The cinnamon-throated woodcreeper is a year-round resident throughout its range.

===Feeding===

The cinnamon-throated woodcreeper forages alone or in mixed-species feeding flocks about equally, but less frequently in pairs. It hitches along trunks and branches from the forest's mid-level to the canopy and also creeps and probes among living and dead leaf clusters and epiphytes. Its diet is not known in detail but appears to be mainly arthropods with some fruit.

===Breeding===

The cinnamon-throated woodcreeper's breeding season is not well known; in the Guianas it breeds in the dry season. It nests in a tree cavity, either natural or excavated by a woodpecker, and also sometimes in thatched roofs. The clutch is two or three eggs.
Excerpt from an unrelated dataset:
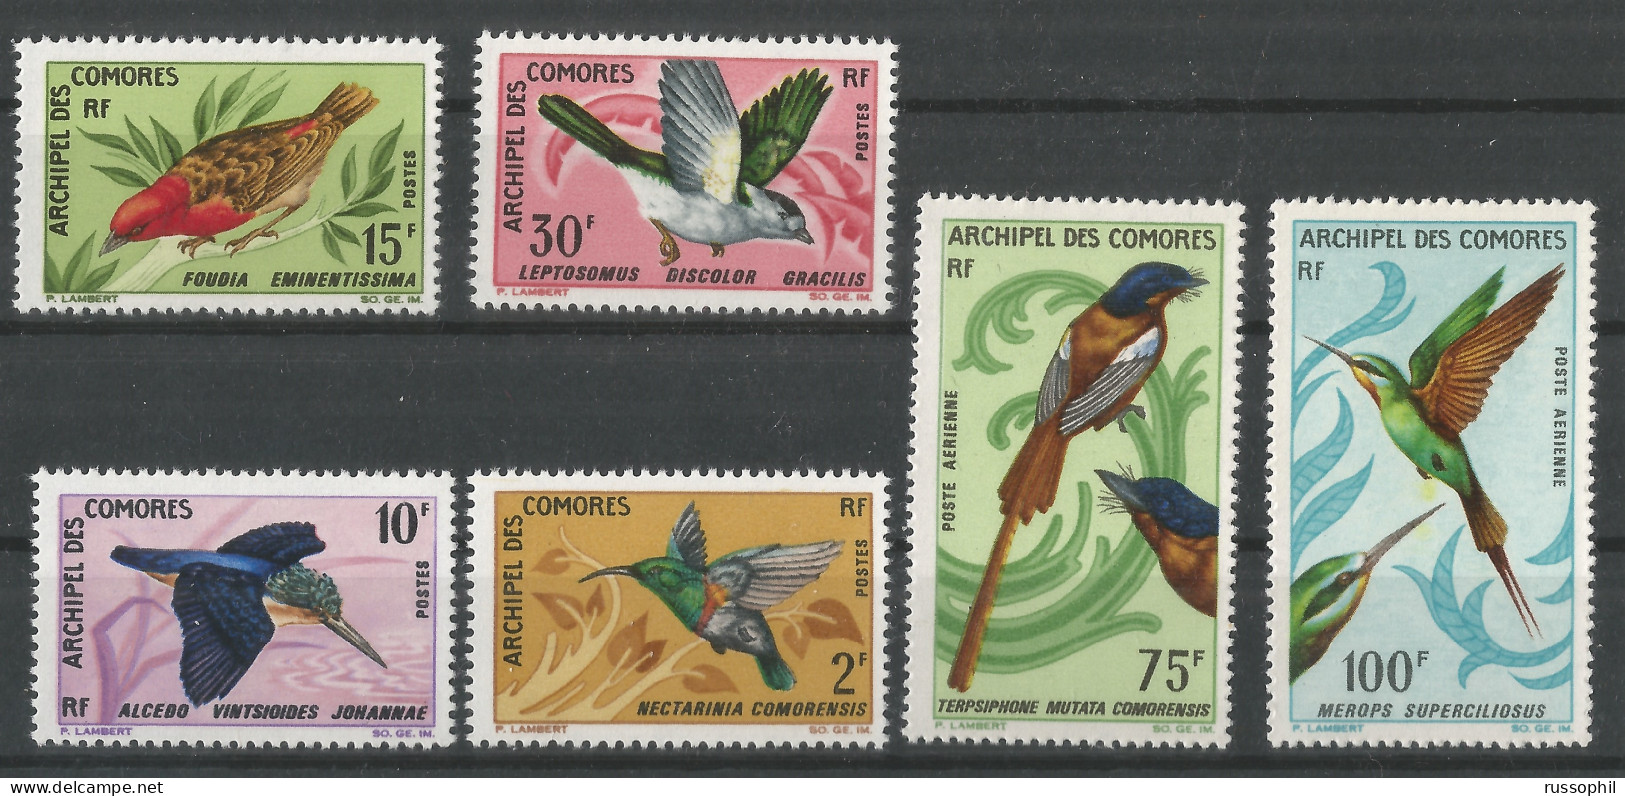 COMORES - OISEAUX - BIRDS -  Yv. #41 TO Yv. #44 AND Yv. #PA20 AND Yv. #PA21 -  (**/MNH) - 1967 - Nuevos

The incubation period, time to fledging, and details of parental care are not known.

===Vocalization===

The cinnamon-throated woodcreeper sings mostly at dawn and dusk. One author describes the song as "a fast series of loud rattled notes, ascending at first and descending and trailing off at the end". It "always ends with a distinctive lower-pitched 'tchew' or 'trreew' note". Another describes it as a "very high loud series of ringing notes, sounding almost like a trill."

==Status==

The IUCN has assessed the cinnamon-throated woodcreeper as being of Least Concern. It has a very large range, and though its population size is not known it is believed to be stable. No immediate threats have been identified. It is considered to be "uncommon to common, but often local, throughout its range." It is more often heard than seen, which makes accurate counts difficult. It is thought to be "highly sensitive to habitat modification, even disappearing from selectively logged forest at one site."